If, by happenstance, those broken-off bits contain codes for proteins that are inclined to enwrap them, you have genetic material wrapped in a protein shell: a virus. If the protein capsule is attachable to a living cell, human or otherwise, and if, in attaching, it’s able to be incorporated into the cell, wholly or just its DNA or RNA, you have a potential pathogen. Mathematically, highly unlikely. But, given billions of events, it’s enough.  
The acquired material might just sit there. Or – another improbable coincidence – the original breakup may have included preexisting coded instructions to the cell’s reproductive organelles, causing that cell to start replicating viral DNA/RNA rather than its own. It all depends on the nature of those detached pieces. Presumably, most of the time, nothing of that happens. Rarely, it creates advantageous mutations. (Most mutations happen to DNA randomly or from non-viral influences.) 
When it turns a cell’s machinery into a manufacturing plant gone wild, a gazillion virus copies burst out of the cell, invade and kill other specifically receptive cells. Without intention, you might say. Because they’re not alive. Nevertheless, until your immune system figures it out (sometimes antivirals help) you’re sick.  
Scientists (people like those Trump eliminated from government before Covid-19 showed up, and whom he’s been mostly ignoring and mischaracterizing since) are using viruses, the kind that attach to chromosomes and sit there, to treat genetic diseases: by attaching “good” genes to them and turning them loose to replace “bad” ones inside human cells. There’s potential for preventing some cancers, too. Science: a good thing. Including climate science. Who knew, right?  
In summary, viruses may result from the processes that led to the formation, behavior, and fragility of DNA and RNA, which then led to those molecules acquiring the ability to code and produce proteins, which led to combinations of proteins that have the ability to harness energy and reproduce: life. 

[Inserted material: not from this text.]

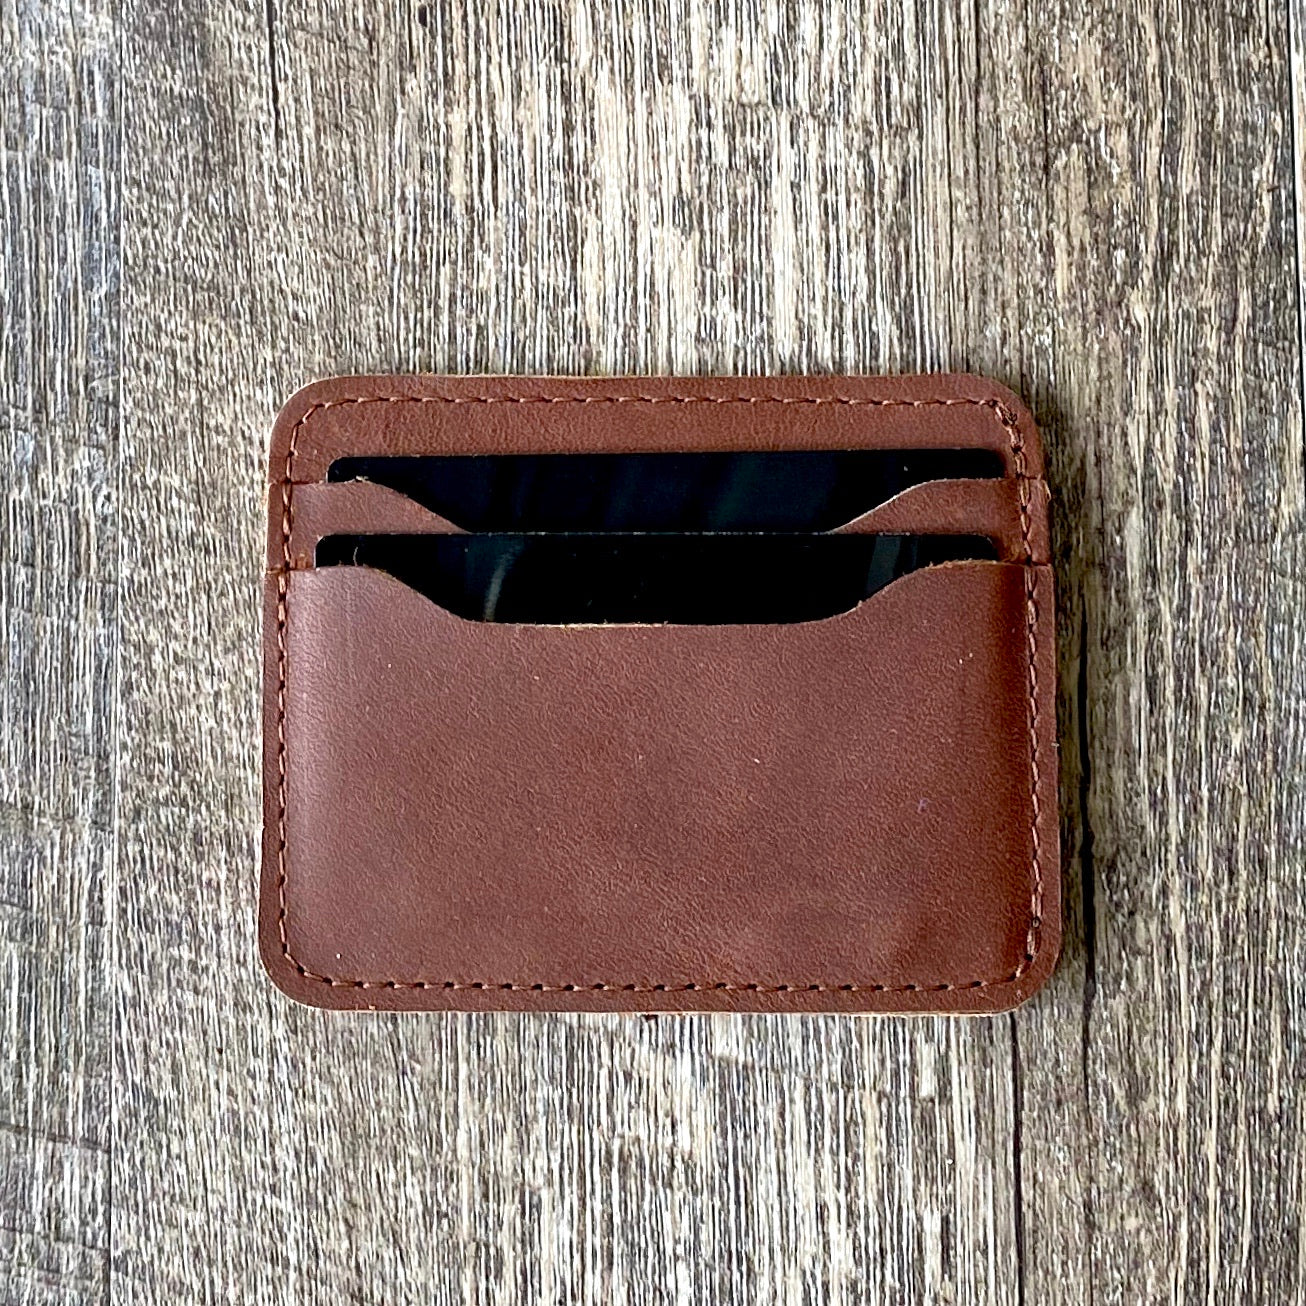 Pecu Leather Co. : Handmade Leather Goods from Texas

That the process is imperfect, making unexpected combinations randomly, is what leads to changes which, when of survival benefit, fuel evolution. If those random events are useless, nothing happens; or, as we’ve seen, sometimes they become what we know as viruses.  
Hopefully it won’t matter that Trump doesn’t understand and Pence doesn’t believe any of this, as long as some on his team, and governors like ours, do.  
One more thing, off topic but timely: Let’s hope Trump’s already-iffy Taliban peace deal holds. If so, good for him. Two words to keep in mind, though: North Korea.